Exercise objective -
Repeat every entry word for word. Images do not belong in the copy.

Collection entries
########################################
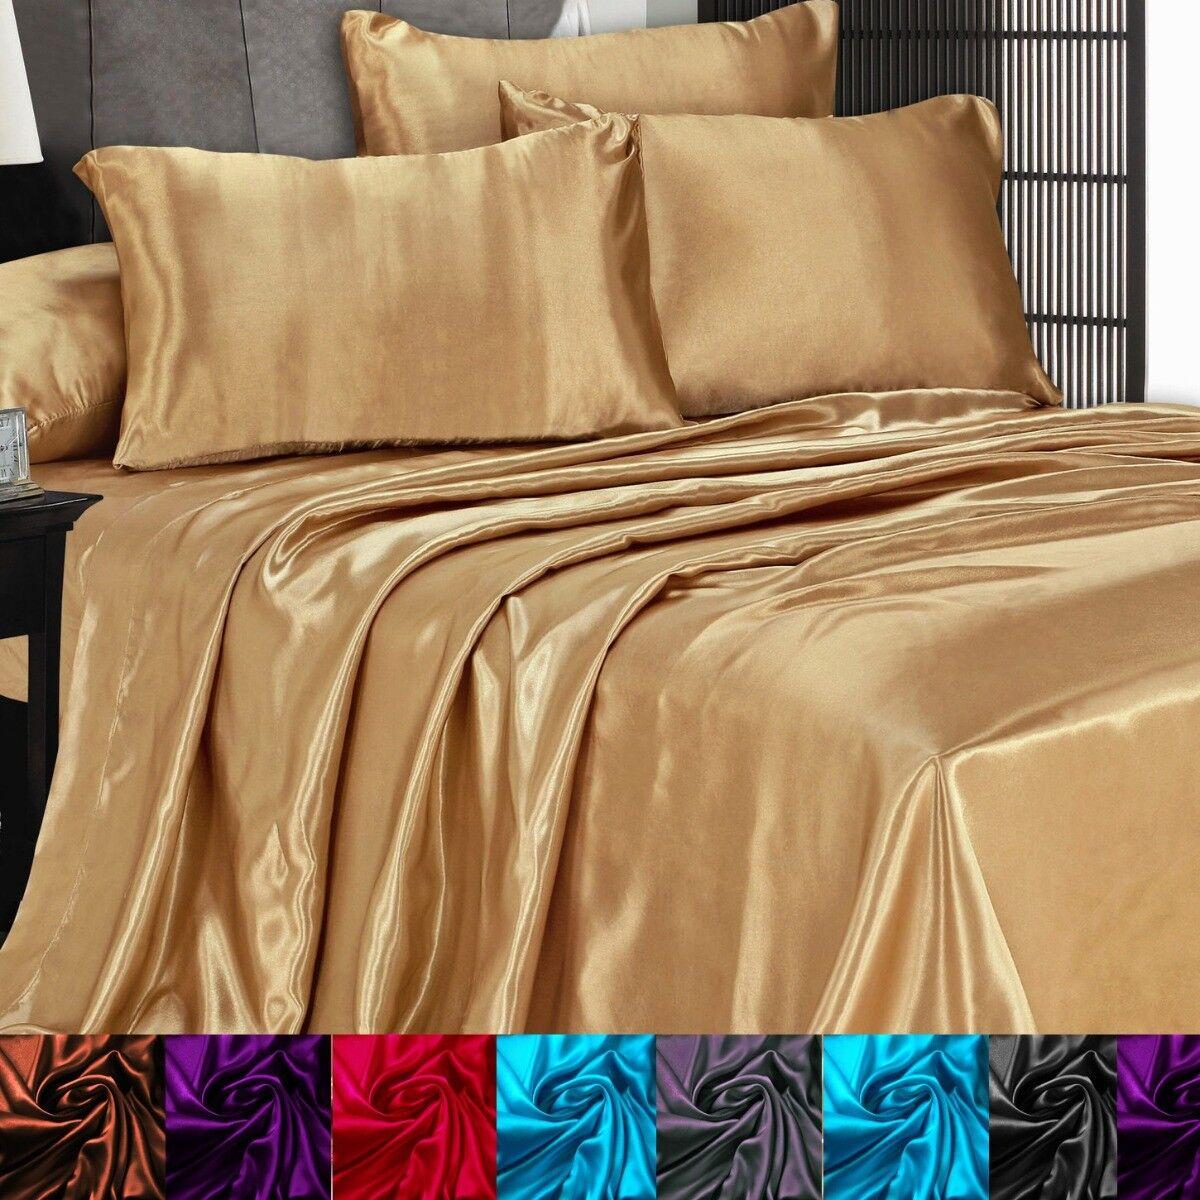 Satin Silky Sheet Set Queen/King Size Flat Fitted Pillows 50
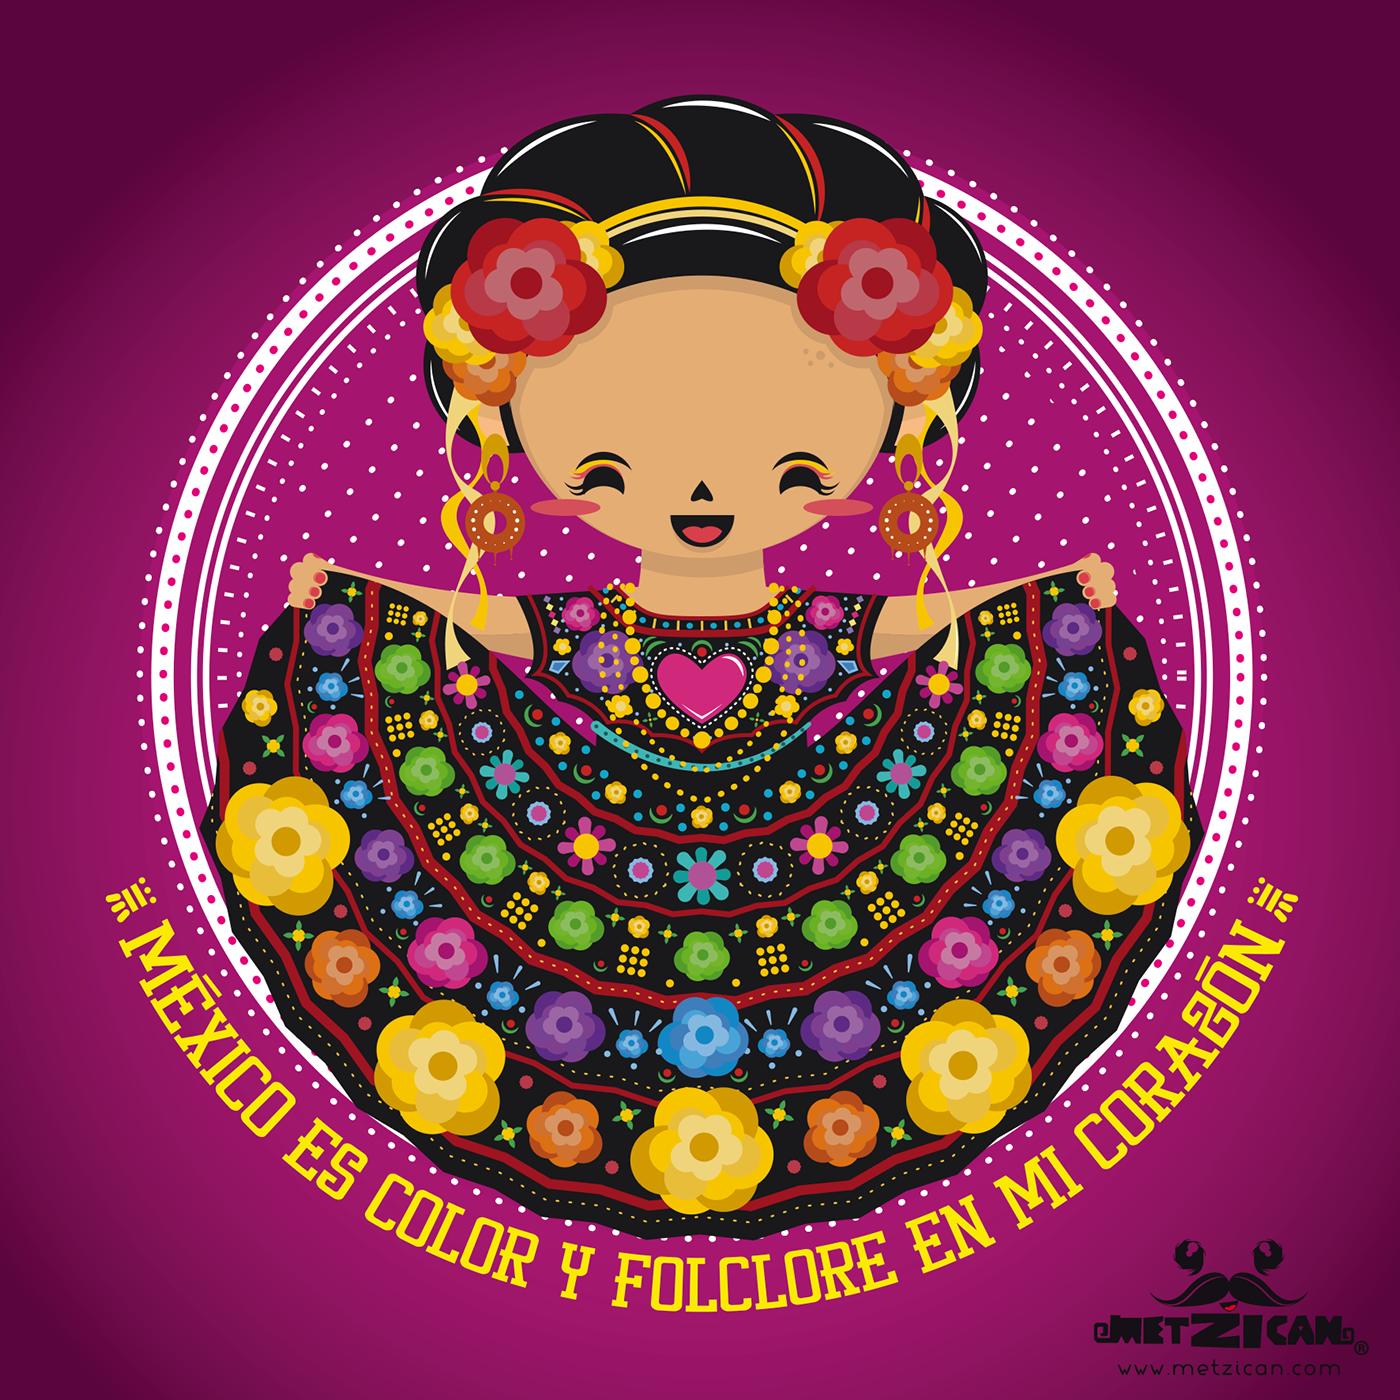 folclore mexicano on behance heart vector art free download heart vector art free
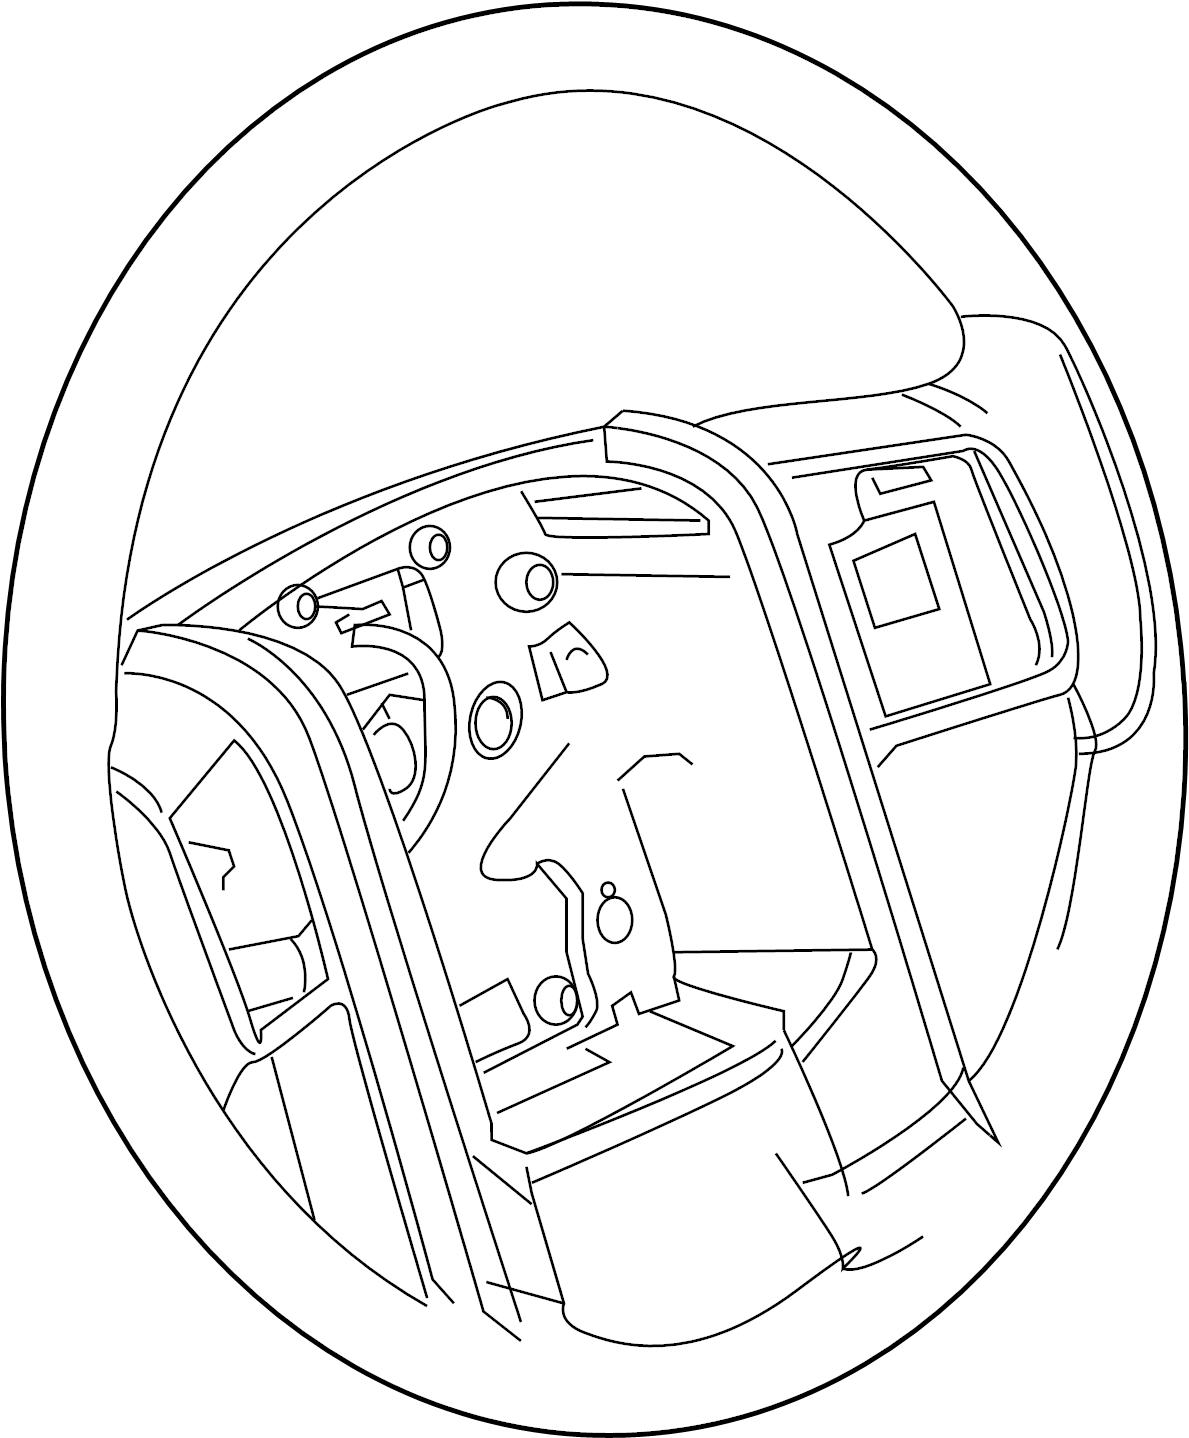 2008 ford f-250 super duty steering wheel
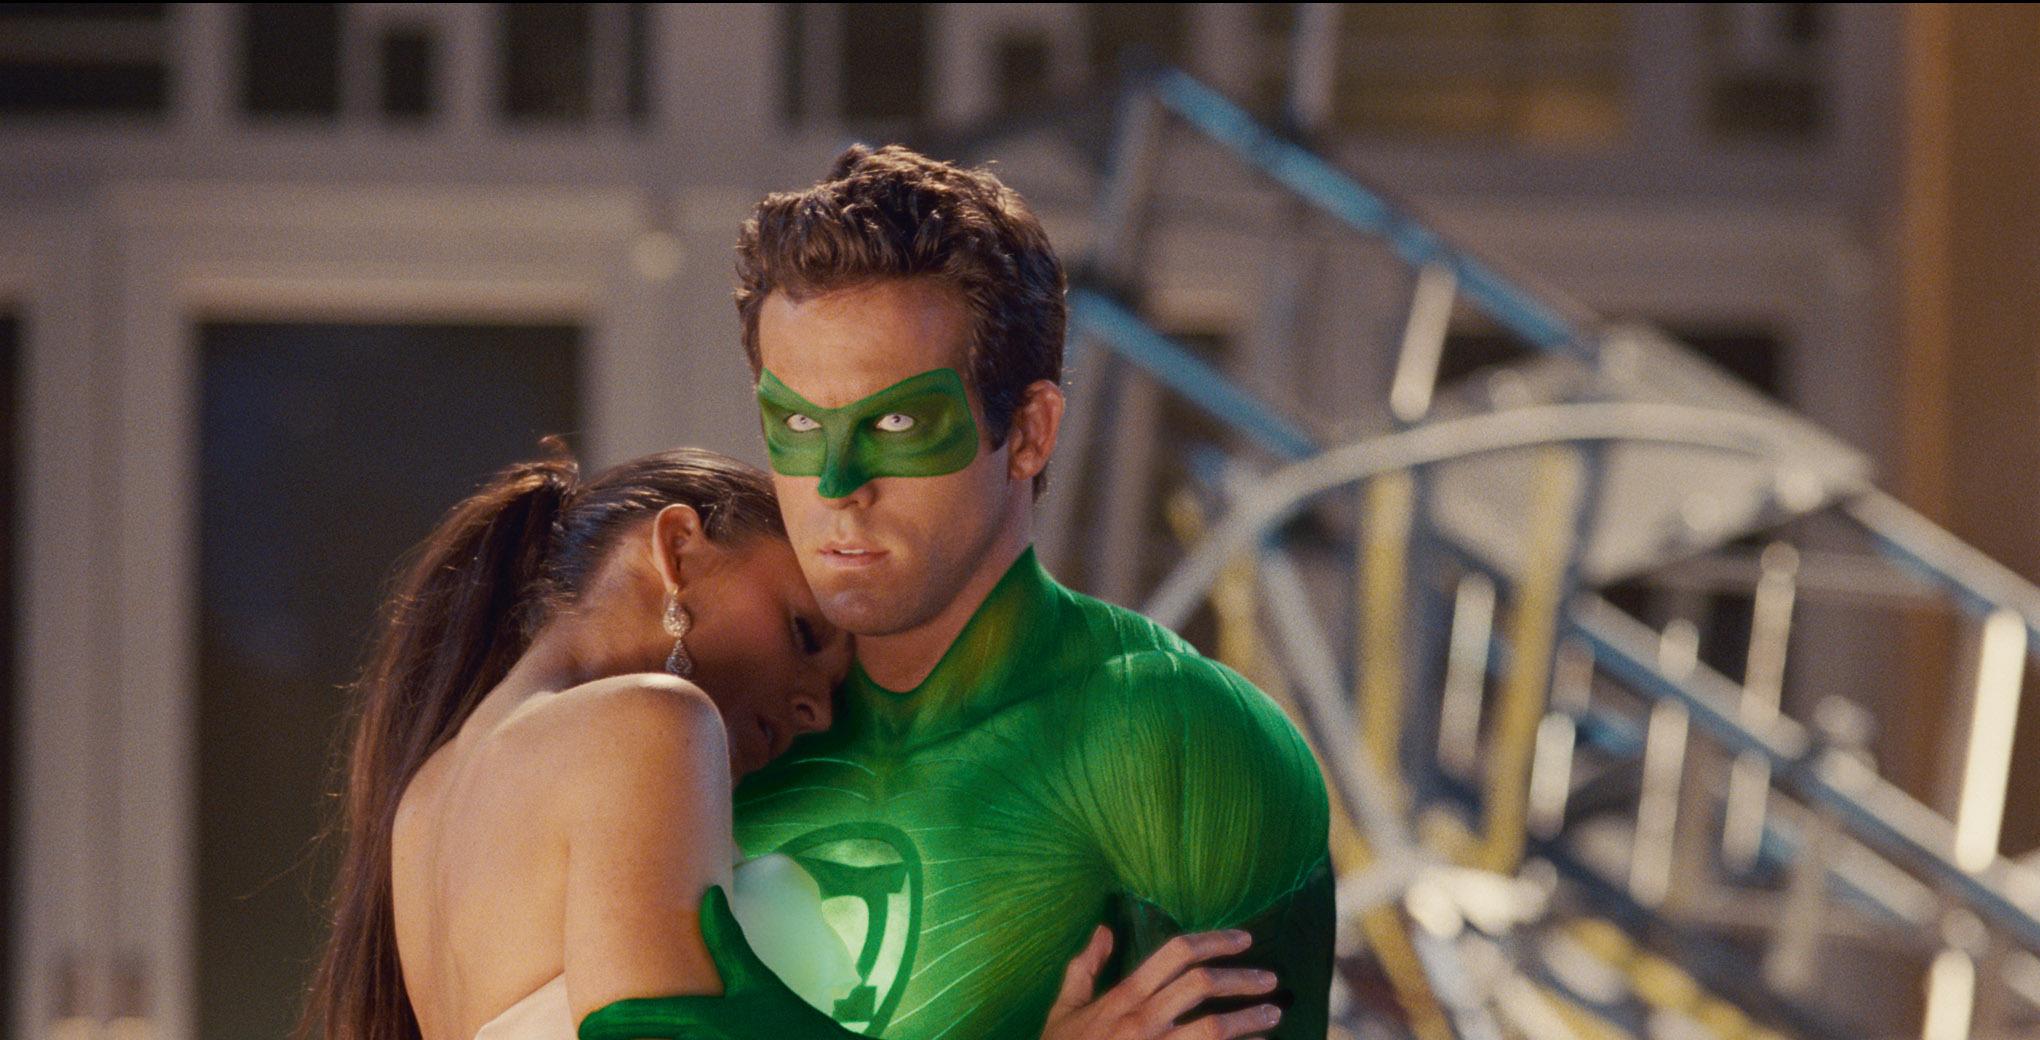 Ryan Reynolds and Blake Lively in Green Lantern (2011)
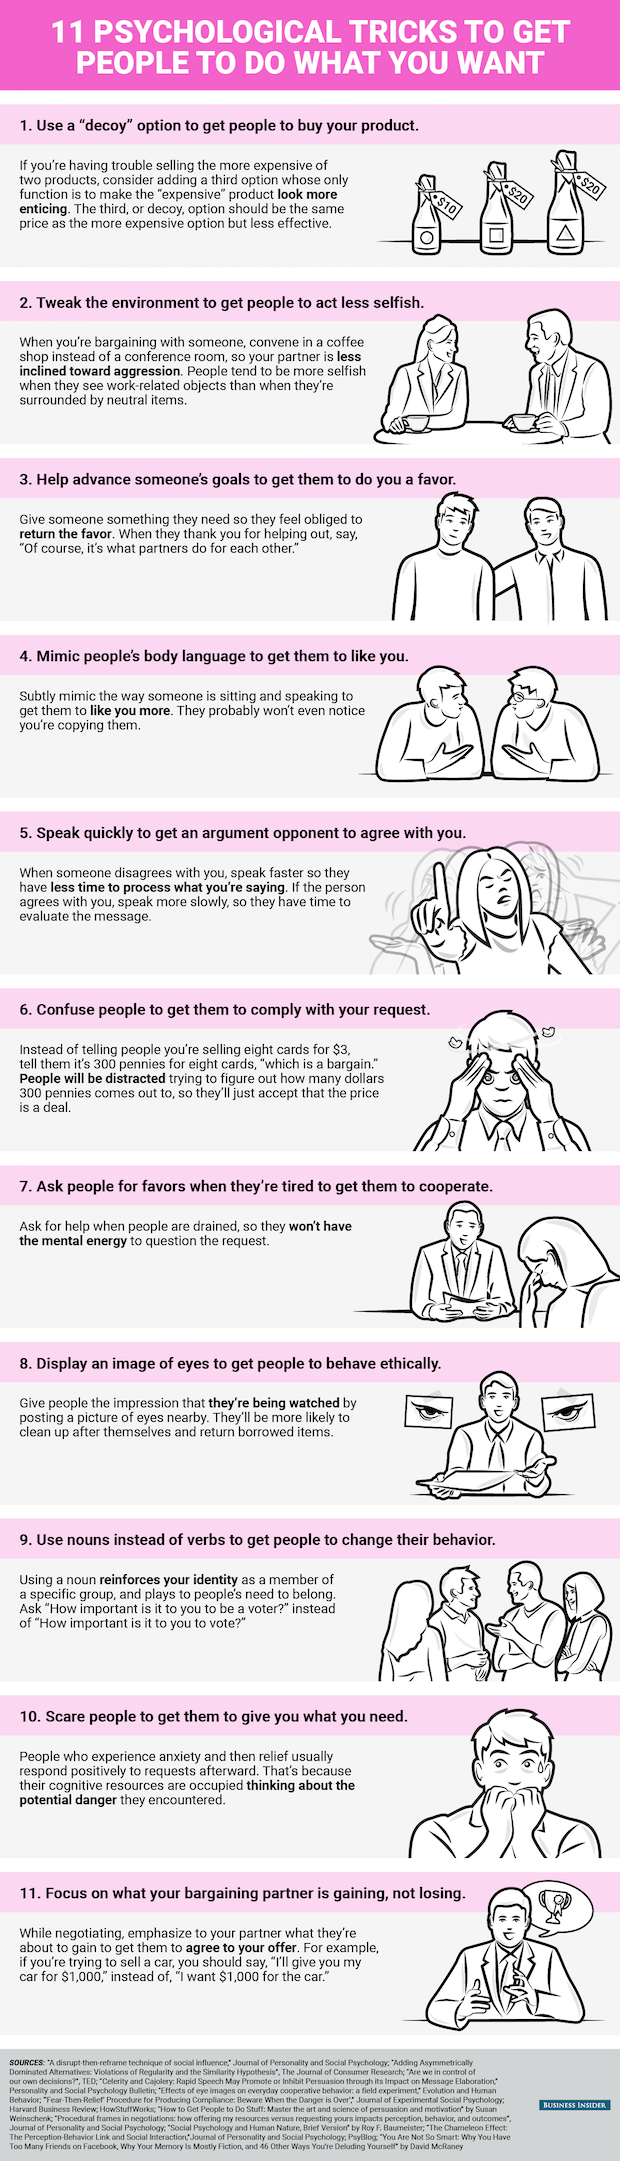 mindgames_infographic
########################################
Exercise output -
 Satin Silky Sheet Set Queen/King Size Flat Fitted Pillows 50
 folclore mexicano on behance heart vector art free download heart vector art free
 2008 ford f-250 super duty steering wheel
 Ryan Reynolds and Blake Lively in Green Lantern (2011)
 mindgames_infographic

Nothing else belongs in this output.